The way we like to work with all people at SEC is to treat them as we want to be treated, which is why for us any relationship we build – whether that’s candidate or employer focused – is based on the values of trust, honesty, integrity and commitment. If we give that to our candidates then we also find we get that in return. That’s why quite often we find that our candidates will eventually become our clients too, as we look to place roles for them.


What have you seen happening in the space in recent years and how will it be changing moving forward?

In the last 15 years Market Access went from a very marketing-centred discipline to a highly regulated one. Now HEOR/PRMA experts make up a more scientific element of the commercial team.

In Europe, as governments are struggling to reduce spending (but also in an effort to mitigate the postcode lottery i.e. access to the best drugs only in rich areas), a lot of guidelines and industry bodies have been put in place to ensure that the technologies they are paying for (reimbursing) are available to all nationally, as well as being cost-effective. This therefore creates a brand new kind of professional with matching training/degrees available in different universities.

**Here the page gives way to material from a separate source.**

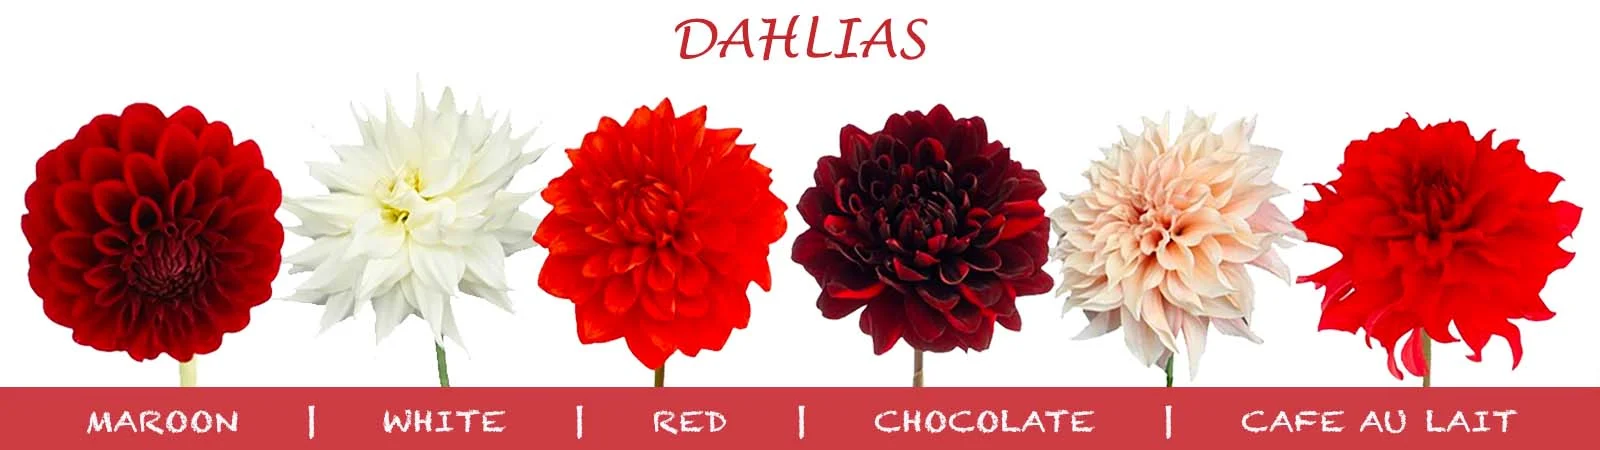 Affordable, vibrant dahlias in bulk, adding a festive flourish and exceptional value to holiday deco

The shift of focus to HEOR/Market Access has been quite spectacular. In the last five years alone we have seen a lot of “boutique”/ specialised consulting firms being purchased one after the other by the larger CROs, who have realised that they could not compete with them when trying to start a highly specialised department completely from scratch within their own business. So acquisition of these organisations by the bigger players was perhaps always natural.

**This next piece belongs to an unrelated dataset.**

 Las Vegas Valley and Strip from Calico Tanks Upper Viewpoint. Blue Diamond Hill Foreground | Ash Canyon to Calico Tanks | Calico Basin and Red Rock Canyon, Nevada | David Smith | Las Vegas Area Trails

Similarly, on the industry side we have seen pharmaceutical companies heavily invest in those business units, sometimes going from zero to ten team members in that very same time frame but still outsourcing a lot of the work to consulting.

The demand has therefore risen much faster than was possible to train the relevant candidates, making the recruitment of those specialists a real struggle, as the talent simple has not been in the market in the volumes needed. Within the next five years as more well-trained and experienced candidates become available, the pressure of recruiting good people will perhaps reduce slightly, but I believe that it will always be a candidate driven market due to the specialist nature and skills of the people that exist. Only time will tell.